ILS Customer Bill-of-Rights Discourse Continues

I’ve not intentionally delayed my response to Richard Wallis’s recent comments/reply. I’ve been a little busy rolling out our “3.1” feature-set over at I plan a reflective post on “Zen and the Art of OPAC Wrangling” in the next week and another geeky post in which I 1apse 1nt0 b1nar100101 10101001 100101. Damn! Did it already!

But, as it turns out, I’m glad I let this conversation simmer because a number of people have added their thoughts to the mix as well, and I’m really pleased with the fact that this issue is getting some attention. As I’ve said before, what we are allowed to and able to do with our ILSs will determine how pertinent libraries are over the next ten years and beyond. We need to get everything we want from our vendors and we need it fast.

Originally, Richard had suggested that if we were given open read-only access to the data, we would not “[understand] what the data in the tables actually means”, to which I replied, “This does not give enough credit to those of us who hack away on these systems every day. We’ll figure it out.” Want proof? Richard’s response:

Looking at the issue from John’s end of the telescope it sounds so obvious and simple. Imagine looking at it from as a support analyst’s point of view. From her end of the telescope she can see [in Talis’ case potentially 100+ Johns hacking away on their systems every day – a thought to drive you straight toward the caffeine in the morning!

Let’s just put aside the fact that 100+ Johns, alone, would probably drive you straight toward the closest stiff drink. I’m really not sure how to take this comment, except to say that support analysts are there to “support”. When I talk about changing the way vendors and libraries interface, this falls right into that slot. Those support analysts need to be retrained (reprogrammed?) to be able to think about the caller on the other end of the phone as an equal–that way, they become an advocate for the customer, not just a problem solver. I just can’t buy into the thinking that we can’t be granted the essential right to access our data because that might make it harder to support. That is a challenge for vendors to deal with and I have little interest in how comfortable support analysts are with their job.

The development and support needed to provide an ILS that was capable of being relied upon by 100’s of academic and public libraries, predicated the customer vendor relationship we are now used to.

To some extent, yes, and I’ve mentioned before that libraries are partially to blame for enabling vendors to pursue their current business models. But the prevailing winds were different, even a few years ago. I’m my mind I tend to liken ILS vendors to the recording industry. A colossal shift is happening within libraries, due in large part to the emergence of web 2.0 technologies. This shift is wresting control of the development process away from vendors and putting it in the hands of the library coder. I believe this will eventually blossom into a large library developers network (and I’m hoping AADL can play a key role in getting that moving). Under current business models, it just doesn’t make sense for vendors to allow that to happen. The arguments against any component of my bill-of-rights have seemed tenuous at best.

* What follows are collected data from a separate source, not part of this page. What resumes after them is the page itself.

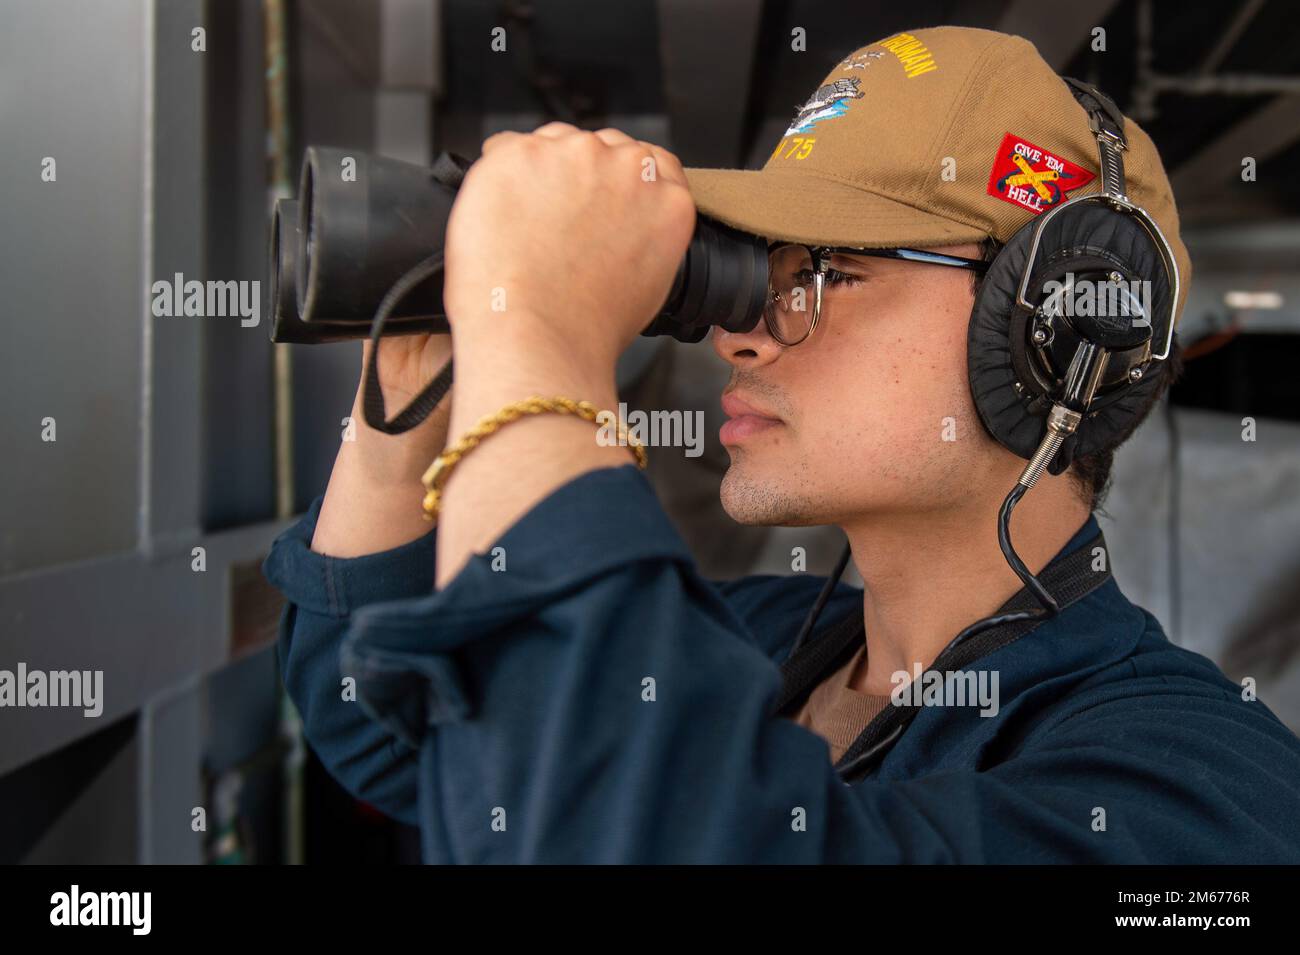 220410-N-CY569-1158 IONIAN SEA (April 10, 2022) Seaman Mario Martinez, from Bayamon, Puerto Rico, stands lookout watch on the fantail of the Nimitz-class aircraft carrier USS Harry S. Truman (CVN 75), April 10, 2022. The Harry S. Truman Carrier Strike Group is on a scheduled deployment in the U.S. Sixth Fleet area of operations in support of U.S., allied and partner interests in Europe and Africa. Stock Photo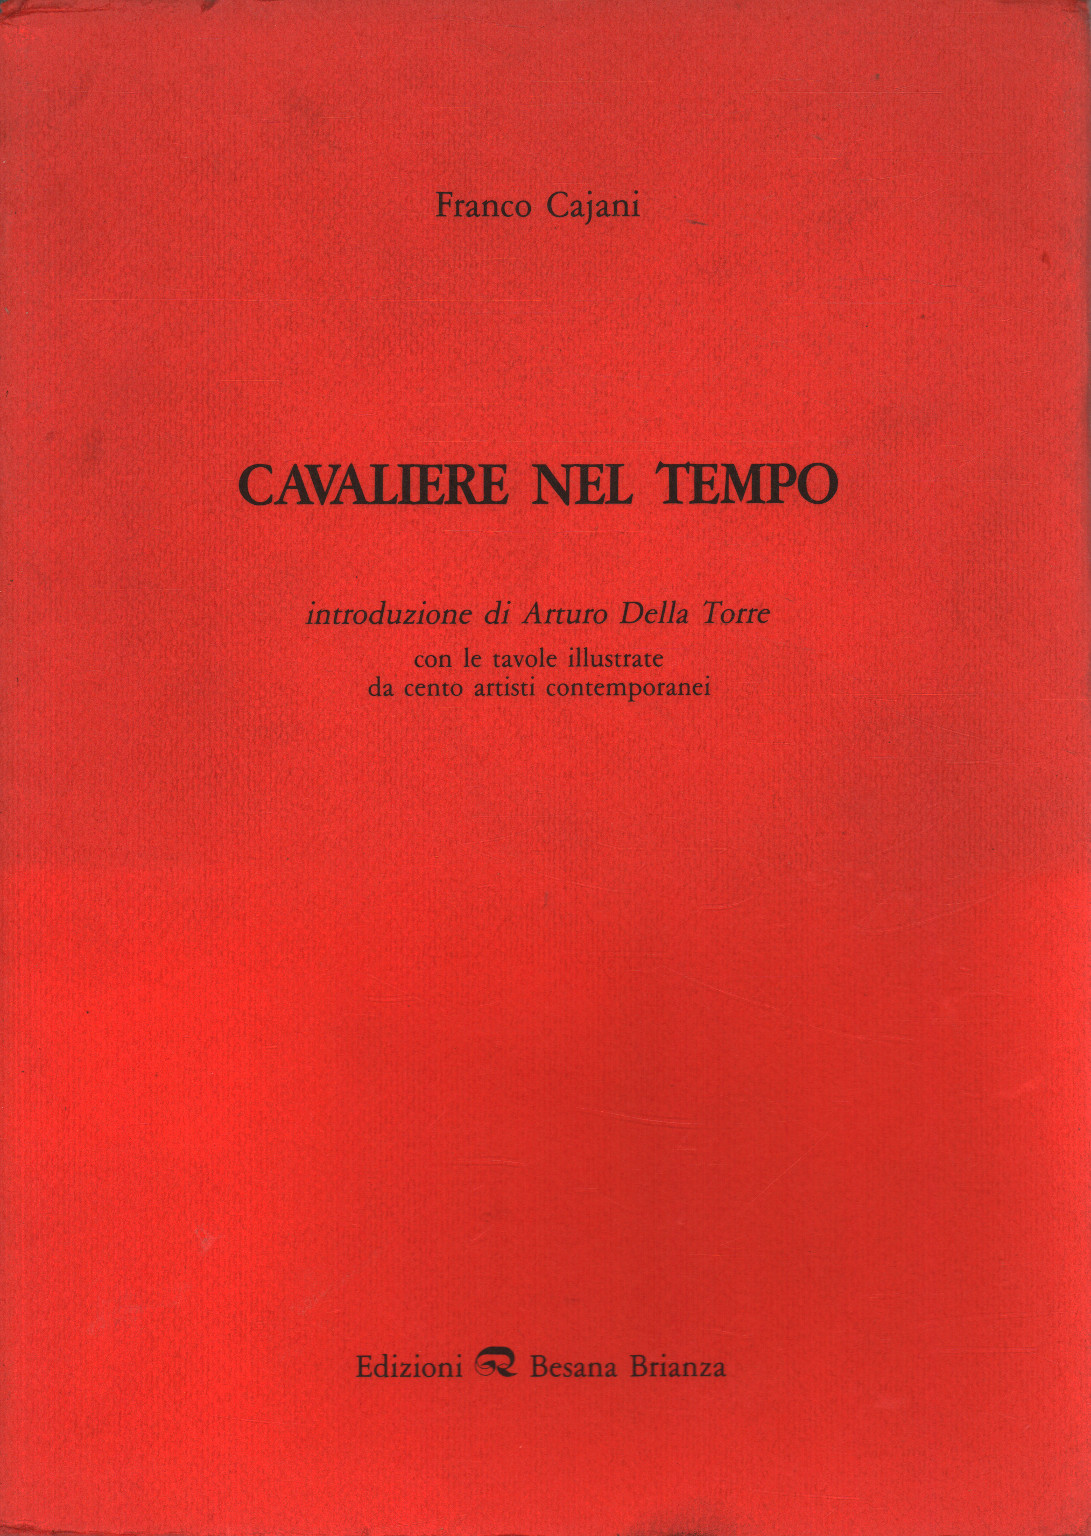 Knight in time (1987-1988), s.a.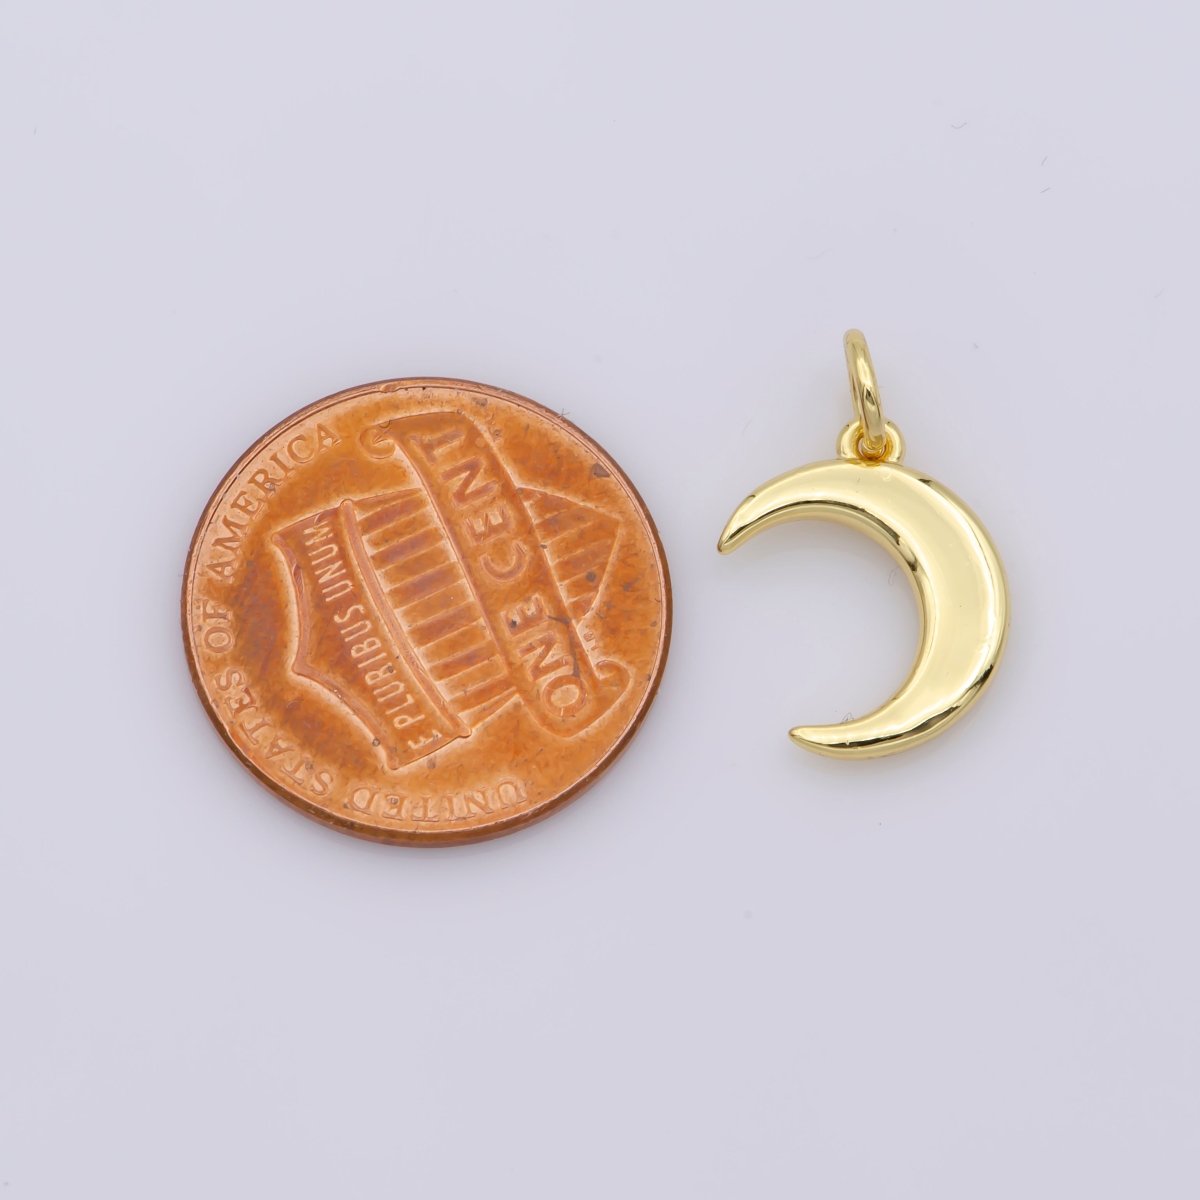 Dainty 14k Gold Filled Moon charm - Small Moon pendant - Crescent Moon pendant for Necklace Bracelet Earring Charm Supply Celestial Jewelry, D-461 - DLUXCA

Read Paul & Ken’s whitepaper and you will see that we at Talis, believe that things are due for a change, and not a small one; If Libraries are to continue to matter, which we believe they must. We Libraries, librarians, ILS & other system vendors, we will have to embrace and promote that change.

I’m not at all worried whether libraries will matter. I’m worried to what degree they will be pertinent in the lives of our constituents. What vendors need to be asking themselves is, “If we don’t change, will we still be in business?” I see rough times ahead for vendors as the gravy train comes screeching to a halt. I’m glad for Richard that Talis seems to be jumping the rails for a workable business model–I just think they ought to be committed to providing the four basic rights I’ve proposed to libraries. Libraries, in turn, need to be insisting upon them when it comes time to migrate.

You want your OPAC to differentiate your Library; you want your users’ account information to appear in their favorite portal; you want to communicate with your customers by email, RSS, SMS Text, IM, etc.; if all the core functionality was available via a software service you could – and would you care how and on what it ran? I think not.

I think I probably would. As you know, one of my assertions is that we ought to have administrative control over the box. We also need to be able to integrate the box into our enterprise. That means being able to deploy software such as our own backup and restore agents on the server. We’d need access to logs, the ability to monitor processes, etc. Telling an organization to entrust it’s livelihood to you without allowing them to look under the hood is not right. Even philosophically, it doesn’t jive with the idea of web 2.0.

It’s hard not to notice that there is a measure of bitterness directed toward vendors. I myself have been quoted as saying vendors are “money hungry” (when, in fact, my point had been that vendors are perceived as money hungry. An important distinction). At this point, I think it’s important that both sides approach the other in a manner that does not incite defensiveness. In my opinion, the debate over how much we’ve been paying vendors is not important to this discussion and is probably counterproductive. That’s a matter for market forces (and accounting) to deal with. I want this discussion to evolve as it has and hopefully lure other vendors into it as well.

So that’s my response to Richard’s response to my response to his response to my ILS customer bill-of-rights. Headache anyone?